Des déchets déguisés en vêtements

L'ONG, qui rappelle que l'industrie textile est responsable de 10 % des émissions mondiales de gaz à effet de serre, insiste sur le fait que cette situation s'est aggravée en quelques années seulement. Les exportations de vêtements usagés de l'Union européenne (UE) ont triplé et sont passées de 550 000 tonnes en 2000 à près de 1,7 million en 2019.

En Espagne, selon les données officielles recueillies par Greenpeace, 92 % (129 705 tonnes) des déchets textiles vendus à l'étranger en 2023 étaient des vêtements usagés. Vêtements usagés ou déchets déguisés ? se demande l’ONG. « La quantité de déchets textiles a augmenté et en même temps la composition des vêtements a changé, car des matières synthétiques, comme le polyester ou le nylon, plus polluantes et de moins bonne qualité, ont été incorporées. Nous exportons théoriquement des vêtements de seconde main, mais dans de nombreux cas, ils ne pourront plus être réutilisés », explique Del Rio, ajoutant que des substances dangereuses pour la santé, comme le cadmium ou le mercure, ont également été détectées dans les vêtements.

Chaque vêtement a parcouru en moyenne 9 000 kilomètres, et au total, les 23 ont parcouru 205 121 km, ce qui équivaut à cinq fois le tour de la Terre.

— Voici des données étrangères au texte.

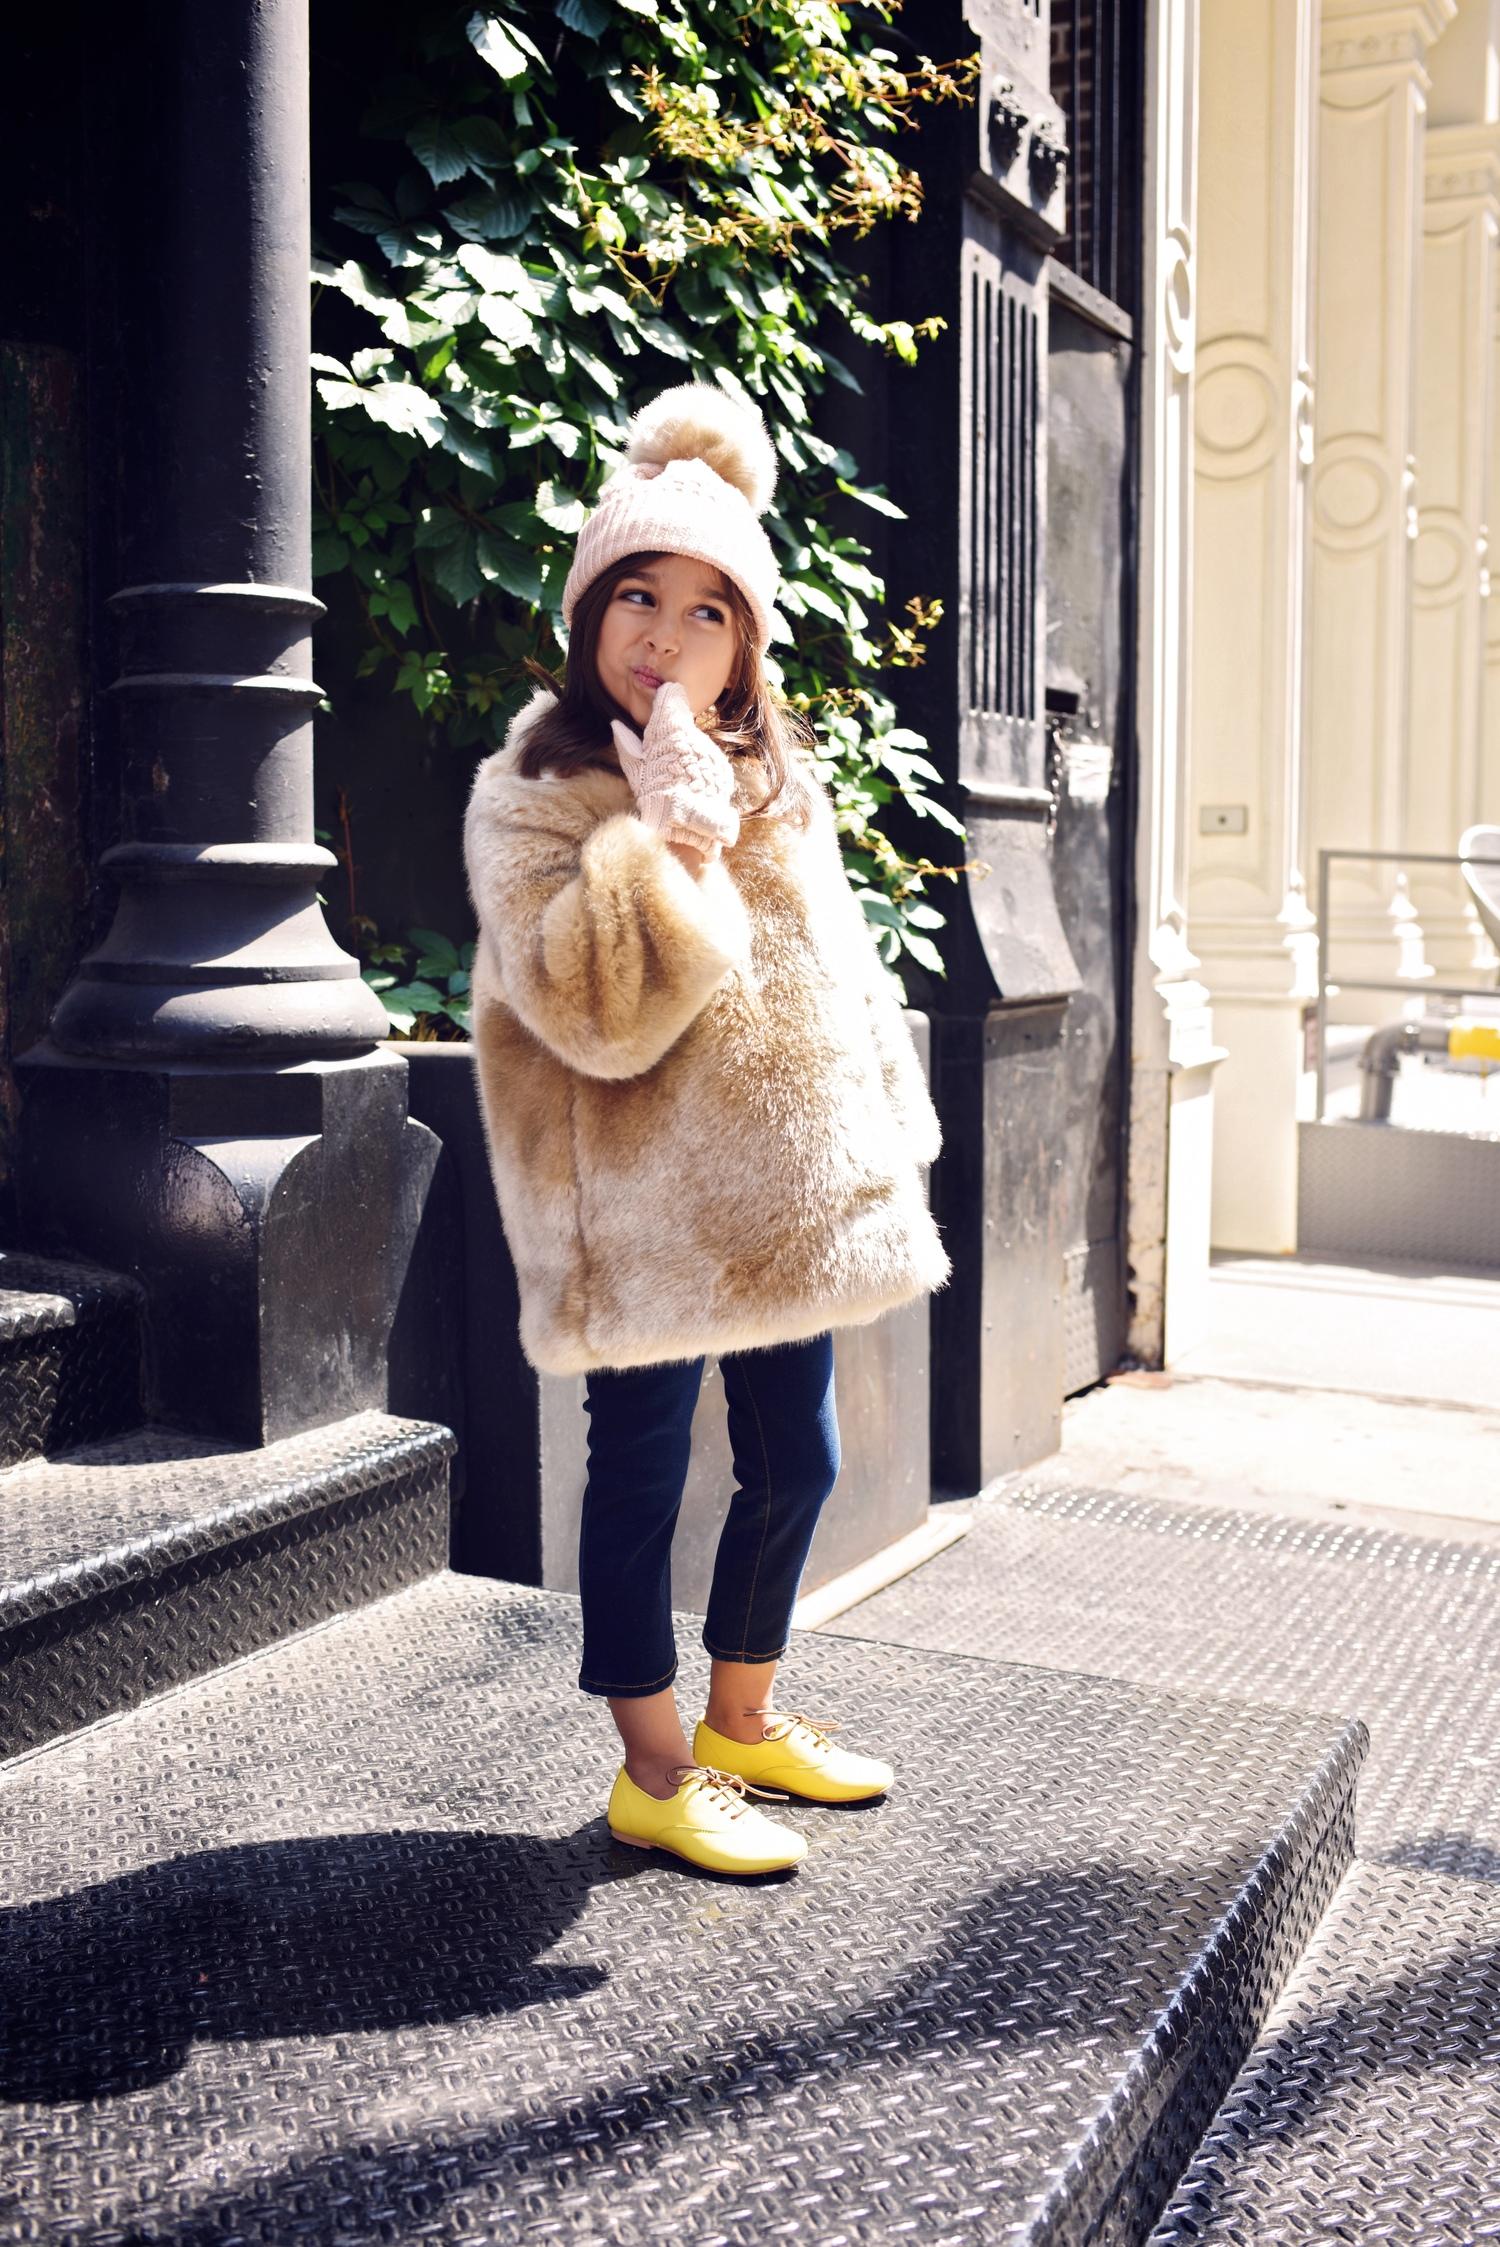 Enfant+Street+Style+by+Gina+Kim+Photography+Hucklebones-1.jpeg

Pour étayer ces données, Greenpeace a suivi pendant un an et grâce à des trackers camouflés dans les tissus, le parcours de 23 vêtements qui ont été déposés par l'ONG entre août et septembre 2023 dans des conteneurs de magasins Mango et Zara de différentes villes espagnoles. . Chacun a parcouru en moyenne 9 000 kilomètres, et au total, les 23 ont totalisé 205 121 km, ce qui équivaut à cinq fois le tour de la Terre, atterrissant dans 11 pays différents, la plupart dans les pays du Sud, principalement en Asie et Afrique. Parmi les vêtements géolocalisés, cinq sont arrivés au Togo, au Cameroun et en Côte d'Ivoire. Un pantalon a par exemple parcouru 22 000 kilomètres en 215 jours, de Madrid à Abidjan, en passant par les Émirats arabes unis, jusqu'à perdre sa trace. « La preuve de ce système non durable », estiment les chercheurs de Greenpeace.

Selon les données de l'AEE, environ 46 % des textiles jetés par les pays européens finissent en Afrique et 41 % en Asie. En Afrique, on s'efforce de garantir qu'ils puissent être réutilisés, car il existe une demande européenne pour des vêtements usagés bon marché. Mais, selon Greenpeace, 40 % des vêtements qui arrivent sur le continent ne sont pas vendus et finissent brûlés ou mis en décharge. Au Kenya par exemple, selon l'organisation de recyclage Afrika Collect Textiles, 40 % des vêtements usagés qu'ils reçoivent sont d'une si mauvaise qualité qu'ils ne peuvent plus être portés par personne.

Les tonnes de déchets textiles au Kenya, au Ghana ou en Tanzanie ont également un impact sur le développement et la santé de leurs habitants, car la gestion de ces déchets n'est pas adéquate. « Ce sont des destinations qui apparaissent soudainement comme des zones d'accueil dans lesquelles l'environnement est également détruit très rapidement », déplore Del Río. Par ailleurs, plusieurs pays africains envisagent de limiter les importations de textiles usagés, afin de protéger la production textile locale.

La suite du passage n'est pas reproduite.